Most people I know would know what I meant if I said “I’m all out of spoons” or “I wish I had the spoons for that”. I believe it has come to mean how much energy you have to do certain things. Say you (metaphorically, obviously) have 5 spoons that replenish themselves each day. But every day, you have commitments that take up 4 of them. You have room for one more thing, but no more, lest you become overexerted and real problems surface.
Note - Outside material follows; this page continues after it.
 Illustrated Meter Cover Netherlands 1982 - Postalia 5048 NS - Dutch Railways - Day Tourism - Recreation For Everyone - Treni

I don’t think people have an actual number, it’s just a way of thinking about it and talking about it.

On a recent episode of ShopTalk, I kinda dunked on it for being such a strange metaphor. Like how did it become so successful as a cultural talking point despite being so random? It could have been balls of yarn, octopus tentacles, or cobs of corn. But it’s spoons, and spoons was somehow extremely perfect and everybody gets it.
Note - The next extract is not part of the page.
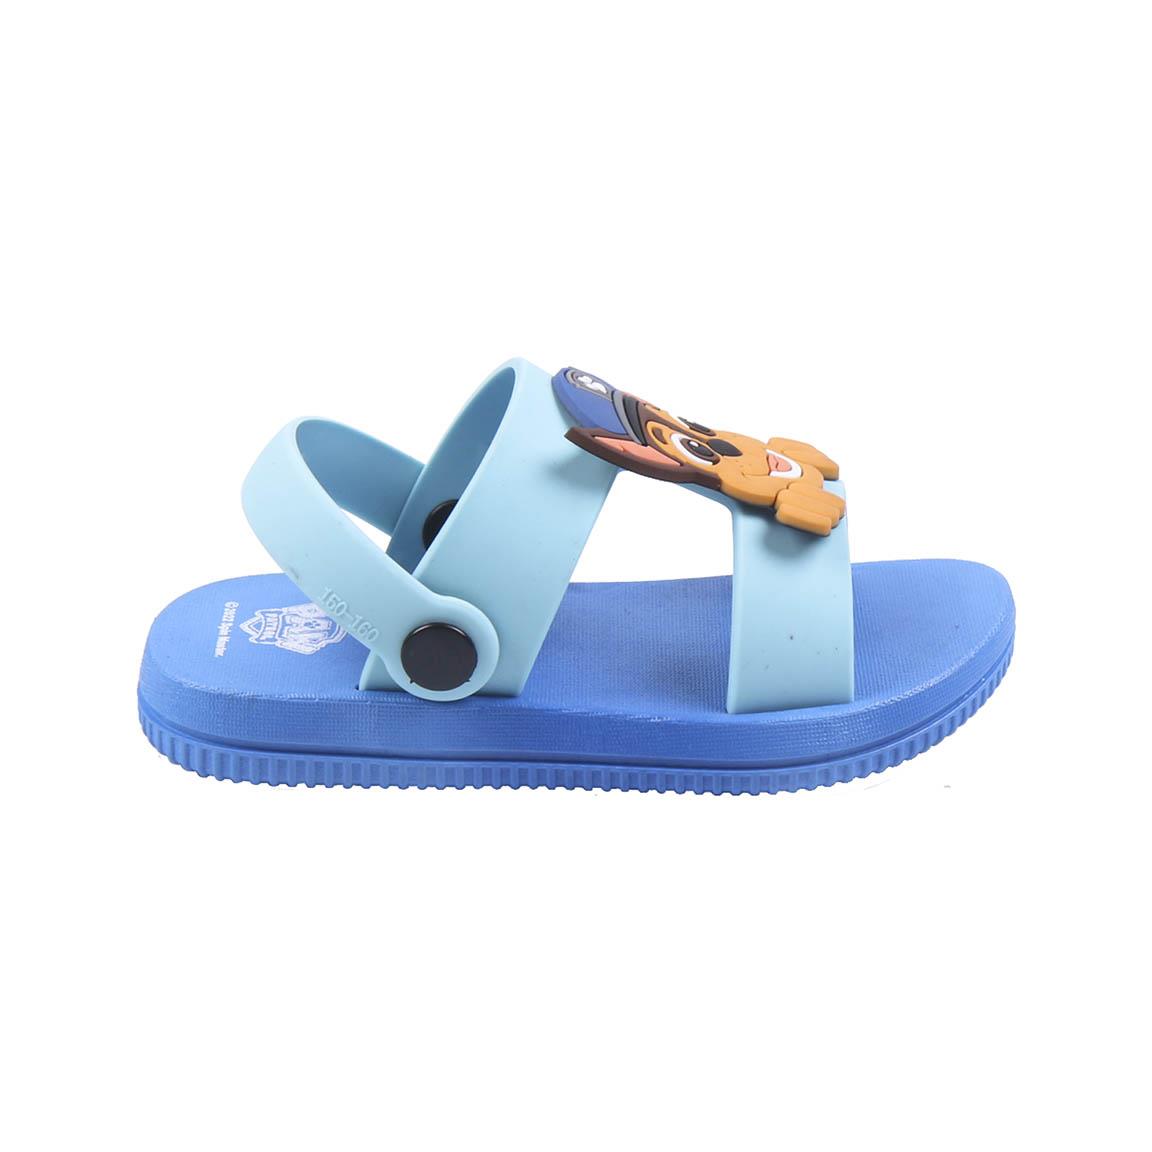 SANDALS CASUAL RUBBER PAW PATROL

Josh Collinsworth in the ShopTalk Discord mentioned that it does have a very specific origin: Christine Miserandino’s essay The Spoon Theory. I’ll plunk out some of the bits that get right to it:

[Christine’s friend] asked what it felt like, not physically, but what it felt like to be me, to be sick.

… I quickly grabbed every spoon on the table; hell I grabbed spoons off of the other tables. I looked at her in the eyes and said “Here you go, you have Lupus”

… I asked her to count her spoons. She asked why, and I explained that when you are healthy you expect to have a never-ending supply of “spoons”. But when you have to now plan your day, you need to know exactly how many “spoons” you are starting with.

… I asked her to list off the tasks of her day, including the most simple. As, she rattled off daily chores, orjust fun things to do; I explained how each one would cost her a spoon. When she jumped right into getting ready for work as her first task of the morning, I cut her off and took away a spoon.

… I then explained to her that she needed to choose the rest of her day wisely, since when your “spoons” are gone, they are gone.

It’s an extremely good essay about living with chronic illness.

I love that one of those classic moments, where you’re at a restaurant and you grab whatever is around you to visually illustrate something, has become a powerful metaphor for all of us. It’s so much better than that ones I normally see: Imagine this salt shaker is a Docker container and this rolled up napkin is a cloud function that talks to it. Wait is the ketchup the user or the browser? Well kinda both. You lost me at the malt vinegar.